In the current review, CRC prognosis was assessed through HRs for OS. All studies reported statistically significant HR values of greater than one for both DFS and OS, but only two studies evaluated DFS, so a meta-analysis was not performed. Five studies were pooled for the meta-analysis of HR for OS. Results suggest that patients with high miR-20a expression die earlier than those with lower expression. While the effect size was large, it was not significantly greater than one, so we cannot conclude that high miR-20a expression is indicative of lower OS. Previous literature has quantified the prognostic power of other RNAs in CRC. Two meta-analyses found miR-21 to be a predictor of poor prognosis [74
]. Beyond miRNA, the prognostic value of mRNA expression has also been explored in CRC patients. For instance, overexpression of the metastasis-associated in the colon cancer 1 (MACC1) gene resulted in poor survival prognosis [76
], while amphiregulin (AREG) and epiregulin (EREG) genes were found to be favorable prognostic biomarkers [77
]. Compared to other RNA prognostic predictors, the pooled HR for OS of miR-20a calculated in the present review was relatively high. However, possibly due to the small number of studies, our modeling results were statistically nonsignificant. In order to determine the efficacy of miR-20a as a prognostic biomarker of CRC, further clinical investigation should be performed.

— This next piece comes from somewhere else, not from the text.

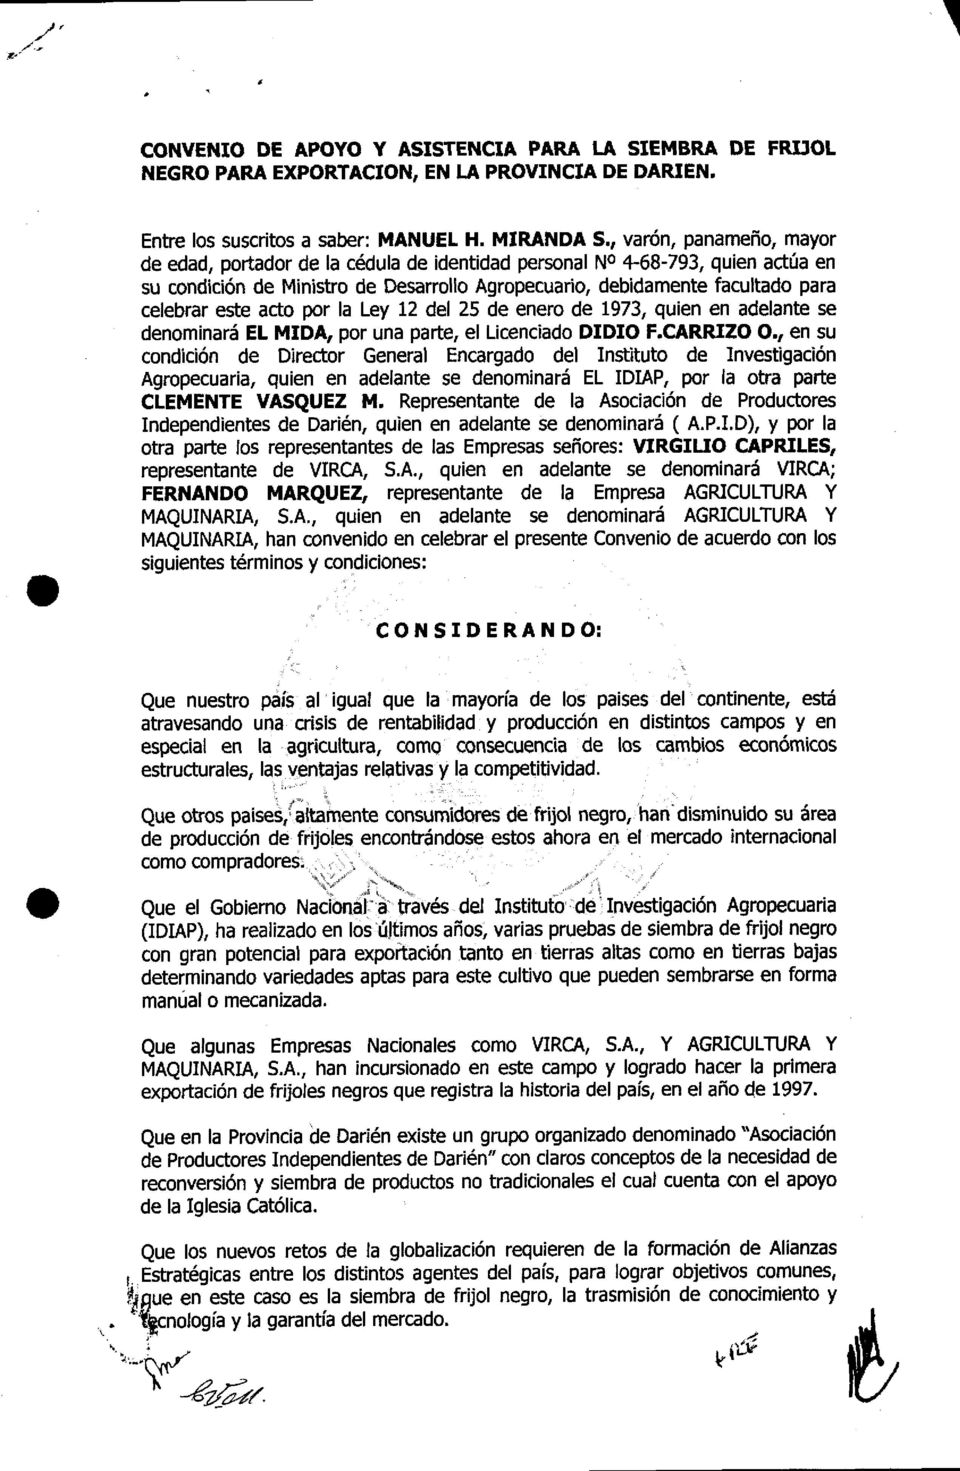 acto por la Le,/ 12 del 25 de enero de 1973, quien en adelante se denominará EL MIDA, por una parte, el Licenciado DIDIO F.CARRIZO.

The present meta-analysis had limitations. Only a few studies specifically examined miR-20a in the prognosis and diagnosis of CRC. In addition, some studies did not report sufficient data to be included in the meta-analysis. Much of the data was reported without standard deviation or the necessary information (e.g., CI) to calculate the standard deviation. Several studies focused on multiple miRNAs rather than miR-20a alone, and data were often presented as a ratio of one miRNA to another. Thus, only a few studies clearly compared between cancer and control. This compromised the statistical power to identify the effect of miR-20a as a diagnostic and prognostic biomarker of CRC. Furthermore, many studies did not make a distinction between colon and rectal cancer and did not report tumor location. Given the differences in genetic profile and clinical outcomes between colon and rectal cancer, as well as between proximal and distal colon carcinomas [78
], it is unclear whether miR-20a could be a better biomarker in specific tumor subtypes. Finally, there still exist several barriers to interpret and implement miRNA biomarkers in the clinic. The constantly evolving methodology has made it difficult to compare between studies, especially in establishing a baseline miRNA expression level. Genome-wide next-generation sequencing allows researchers to simultaneously evaluate multiple miRNAs and has great potential for biomarker discovery, but a standardized procedure has yet to be developed for quantifying miRNA and drawing clinically-relevant conclusions. Proper expertise in both data analysis and cancer biology is important for separating signal from noise when identifying CRC biomarkers.